Кафе содержали двое – мужчина и женщина, но не муж и жена. Он стоял у прилавка, разливал пиво и самогон, а она разносила еду и выпивку за столики. Когда они подсчитывали выручку, всегда крепко ругались. На окнах кафе вывели белой известью: «Кафе Надежды Юрченко и Матвея Горбатых». Мужчина был мало чем примечателен. Главной была она. Такую отвратительную злюку редко встретишь. На лице, кроме раздражения, ничего. Между собой мама с тетей Валей называли ее Шваброй – за то, что она все время кричала маме: «А ты шваброй, шваброй!»
В зал выходить категорически запрещалось всем, кто работал на кухне. А в зале каждый день происходили такие интересные события! Звучала музыка! Пели душещипательные песни!
Его звали Петер. Он играл на аккордеоне и пел. Аккордеон был самым модным тогда инструментом. Когда я услышала, как поет и играет Петер, я «заболела». Вот вернется с фронта мой папа, купит аккордеон для «любимой дочурки», и я тоже буду петь и играть! Но я пойду еще дальше! В самых эмоциональных местах песни буду отбивать чечеточку! А? Все одновременно – и петь, и играть, и танцевать! Вот это будет номер! Он будет. Обязательно!
А пока я ходила каждый день к маме в кафе. Я ждала Петера. Он был очень красивый. На редкость. Высокий, изящный, артистичный, элегантный… Одет в коричнево‑бежевой гамме: клетчатый пиджак с накладными карманами и хлястиком сзади, брюки коричневые, в широкую бежевую полоску. Волосы светлые, длинные, волной – совсем не по моде, но это придавало его лицу загадочность и «романтичность». А глаза большие, печальные…
В кафе он появлялся шумно. Своим голосом перекрывал голоса посетителей. Входил всегда с одной и той же фразой: «Та чево там!» Над этой фразой я часто раздумывала. Что она означает? Может, «чего нам бояться»? Он ее произносил часто. Смысл слов «та чево там» всегда был разным. Когда он входил в кафе, все ждали от него чего-то, все притихали, улыбались…
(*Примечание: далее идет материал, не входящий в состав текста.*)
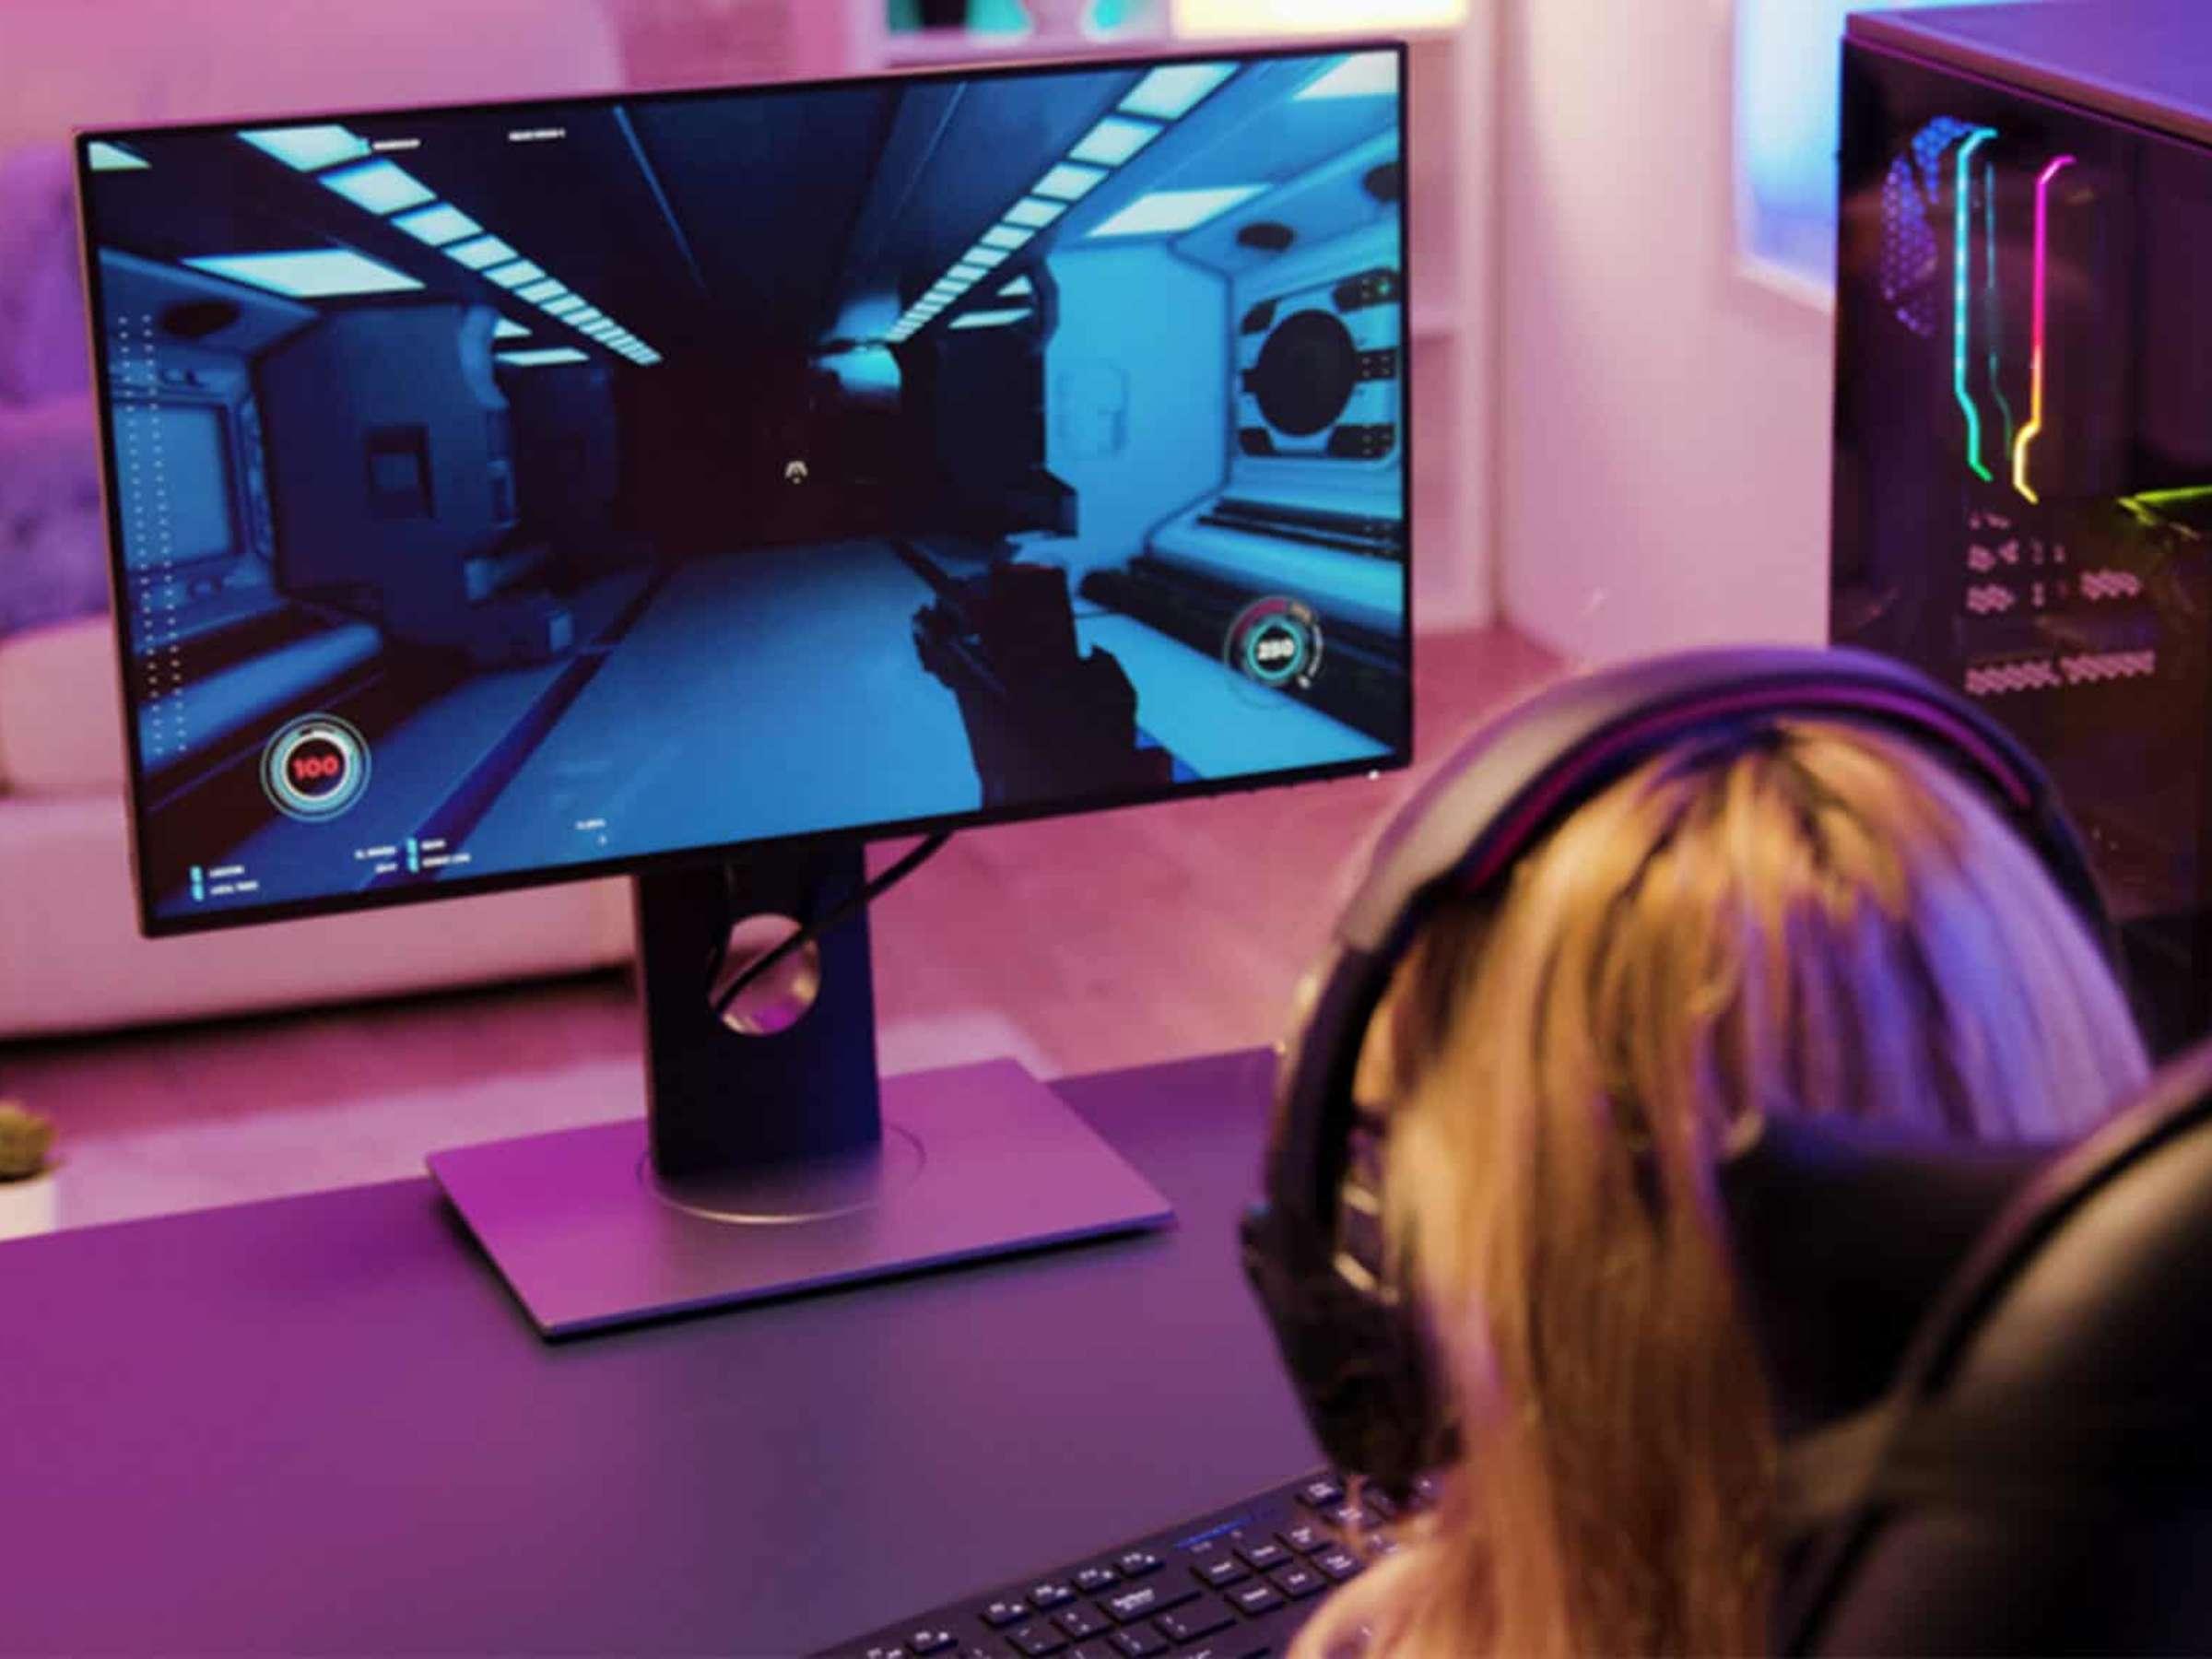 Gamer Pc Spiele - Er sucht Sie (Mann sucht Frau - Markt
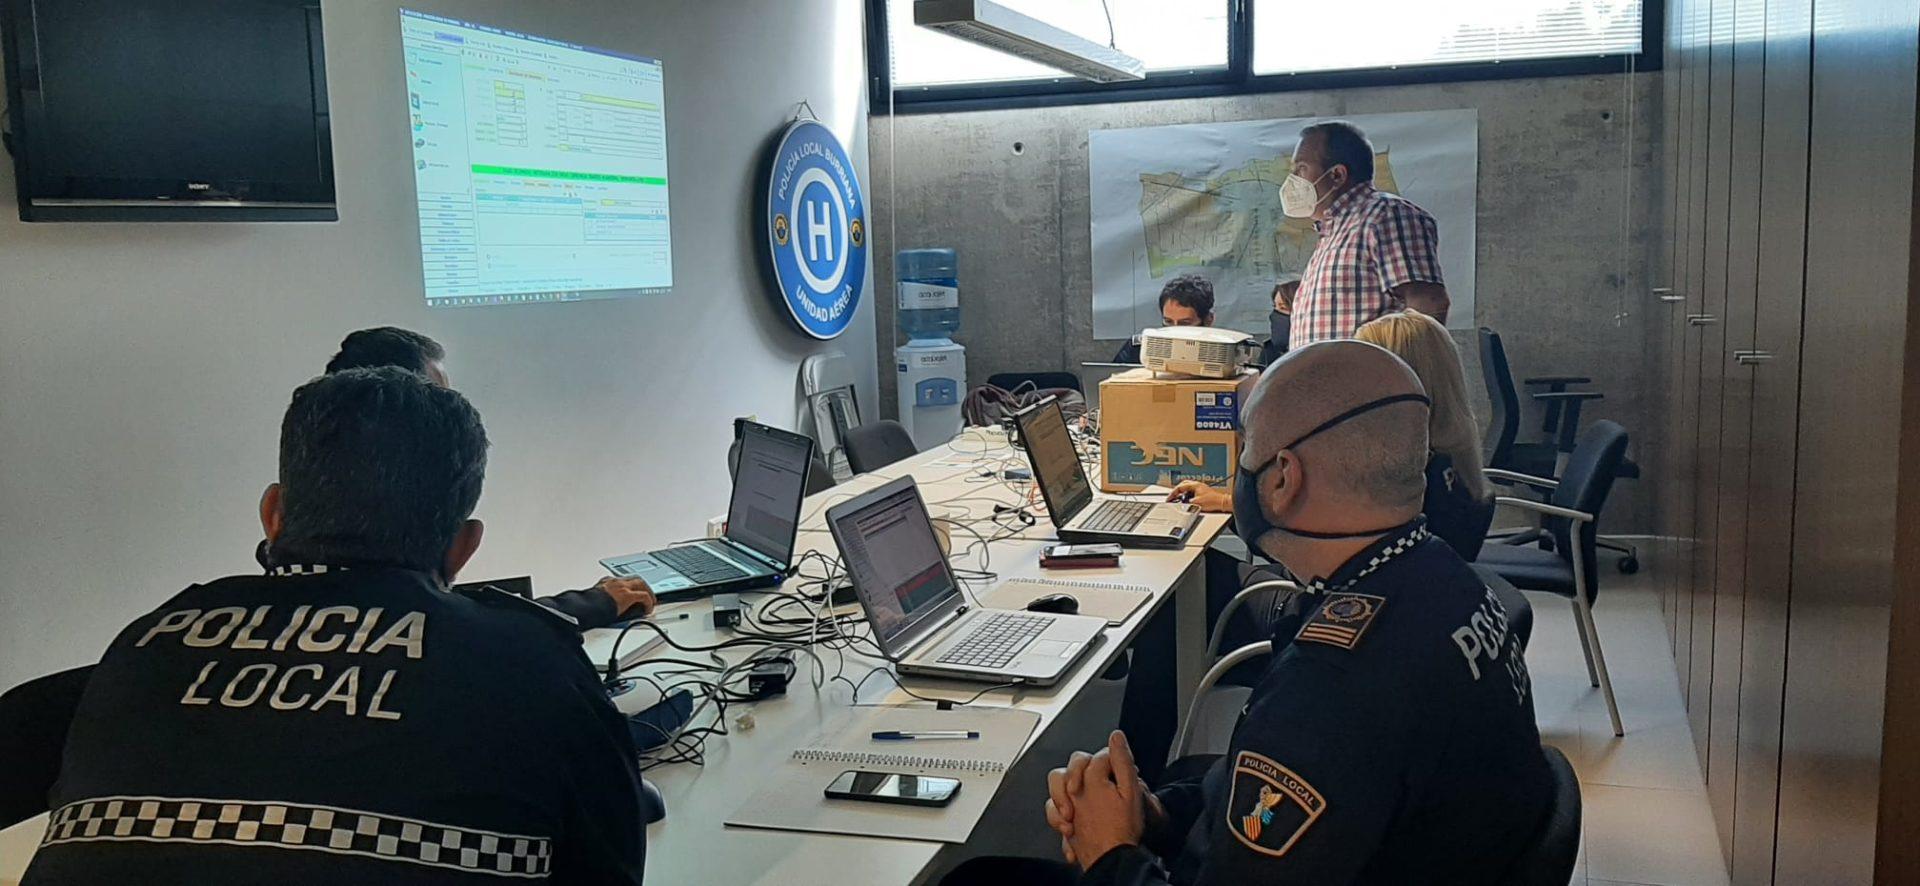 Curso formación gestión | Imagen Policía Local Burriana
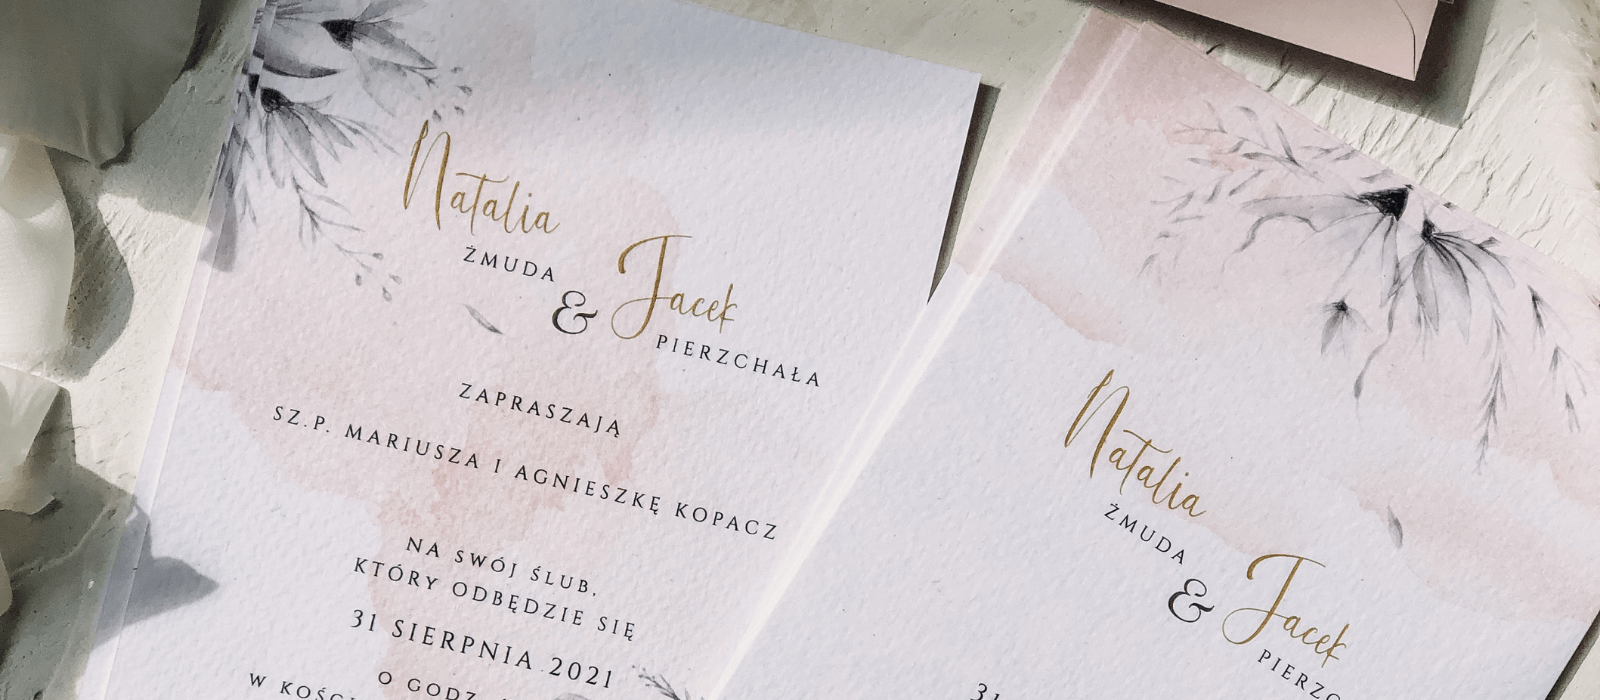 Próbki zaproszeń ślubnych _ Design Your Wedding (1)

При Петере постоянно находился его болельщик – человек маленького роста, с внешностью, о которой всегда говорят «стертая». Ходил человек постоянно в поношенном, засаленном плаще, а на голове – немецкая солдатская шапочка с козырьком. Как только Петер роскошно входил в кафе, тут же с аккордеоном шустренько прошмыгивал человек. И пока Петер здоровался, раскланивался, посылал Швабре воздушные поцелуи, человек готовил аккордеон «к работе». Он его вынимал из черного футляра, ставил на стул и прикрывал зеленой суконкой.
У моего папы тоже была такая подстилка, только не суконная, а плюшевая, мягкая, и не зеленого цвета, а бордового. Он ее называл «бархамоткой». Папа подкладывал ее под баян на колени, чтобы брюки не протирались. А когда «быян отдыхав», он «етую бархамоткую» прикрывал его – чтобы «инструмент не пылився».
Человек, быстро сделав приготовления, незаметно уходил в дальний угол и там тихонько сидел, никак себя не проявляя.